In order to qualify for tax-exempt status and the resulting benfits such as exemption from federal and state income tax and property taxes and reduced rate postage, a non-profit corportion must qualify for and must generally also apply for tax exemption. A sampling of common misperceptions regarding tax exemption for non-profit corporations and other organizations are:
Non-profits are automatically tax-exempt upon incorporation. Generally incorrect. Although there are some exceptions on the federal level, generally, to receive an exemption from federal and state income and California sales and use taxes, a nonprofit corporation must apply for federal tax exemption on IRS Form 1023, and if necessary, for California state tax exempt status on Franchise Tax Board Form 3500. Additional tax exemption, registration, and licensing procedures may also apply to any given nonprofit, depending on a variety of factors.
All non-profits are 501(c)(3)'s. Again, not true. Some non-profits are not tax exempt at all, some are 501(c)(3) tax exempt entities, and some are tax exempt but not are not 501(c)(3) organizations.
501(c)(3) is often defined as a charity, but in fact 501(c)(3) is a subsection of the Internal Revenue Code under which charitable organizations engaged in one of the following activities may obtain exemption from federal taxation: charitable, religious, educational, scientific, literary, testing for public safety, fostering national or international amateur sports competition, and the preventing cruelty to children or animals.
There are other subsections of the Code under which a non-profit may apply for tax exemption.
All tax-exempt non-profits are public charities. Some tax exempts are public charities, typically those with a broad base of financial support, as well as churches, schools, hospitals, and organizations that support other public charities. Other tax-exempt nonprofits are private foundations. Different IRS tax rules apply to each type of tax exempt organization, with the preference being for public charity status, if available.
Once I have my organization's 501(c)(3) tax status approved, I'm home free. A separate state tax exemption may be necessary to avoid the imposition of state taxes on a non-profit. A separate application and approval process may be required, and - as stated above - additional exemptions / approvals / registrations may also be required, for example, for sales/use tax and property tax exemptions.
Also, tax-exempts generally must still pay taxes on business income unrelated to their tax exempt purpose and payroll/employment taxes for their employees. Finally, note that many tax-exempts must file tax returns, even if no taxes are owed, and that failure to act in conformance with law and with the charitable, social welfare, or public interest purposes may result in the termination of tax-exempt status.

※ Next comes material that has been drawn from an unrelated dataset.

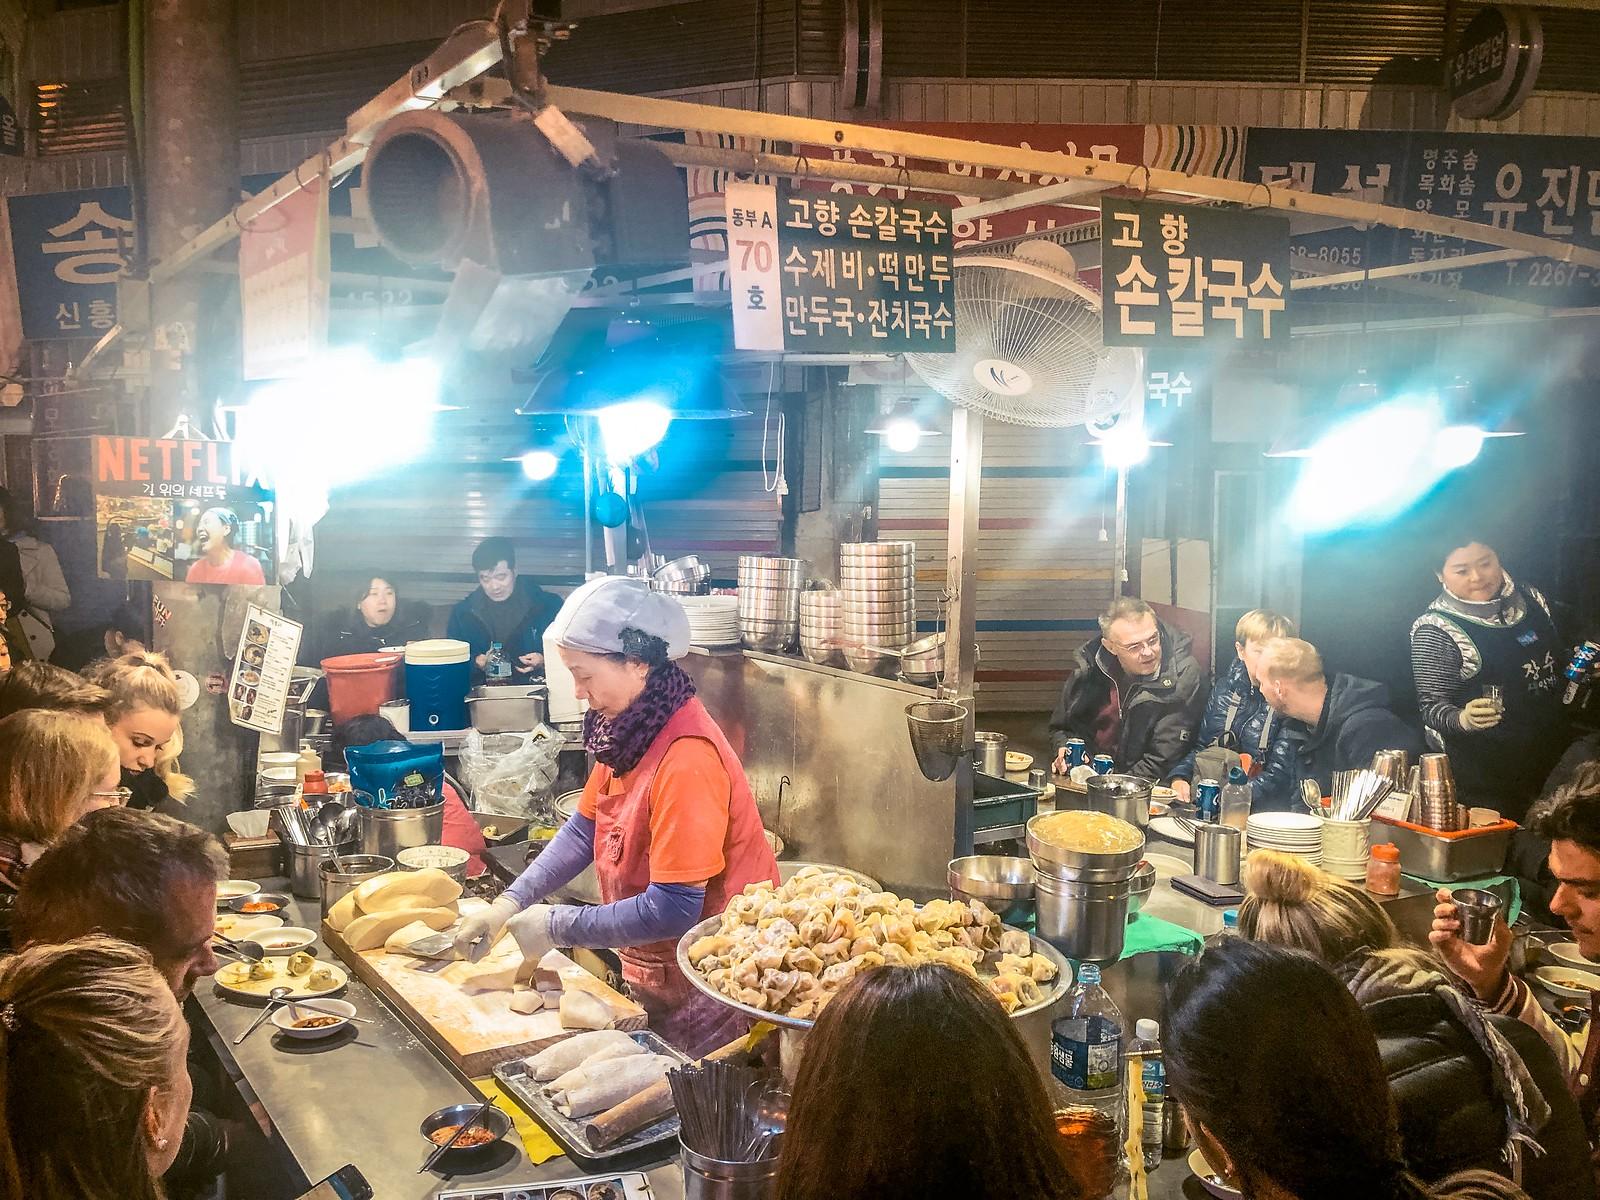 Korean street food at Gwangjang Market   Things to eat in South Korea

I don't need an attorney to establish a non-profit. Technically true, of course, but most will find the process challenging and not worth their time to get up to speed on the process and applicable laws. Mistakes and missed steps are common in this area for do-it-yourselfers, who may tend to underestimate the amount of work and complexity involved. While there is likely one out there somewhere, this office has yet to see a for-profit corporation or LLC that was set up optimally without the assistance of an attorney (a "one-step" process), let alone a tax-exempt non-profit (a "two-step" process: incorporation, followed by tax-exemption application).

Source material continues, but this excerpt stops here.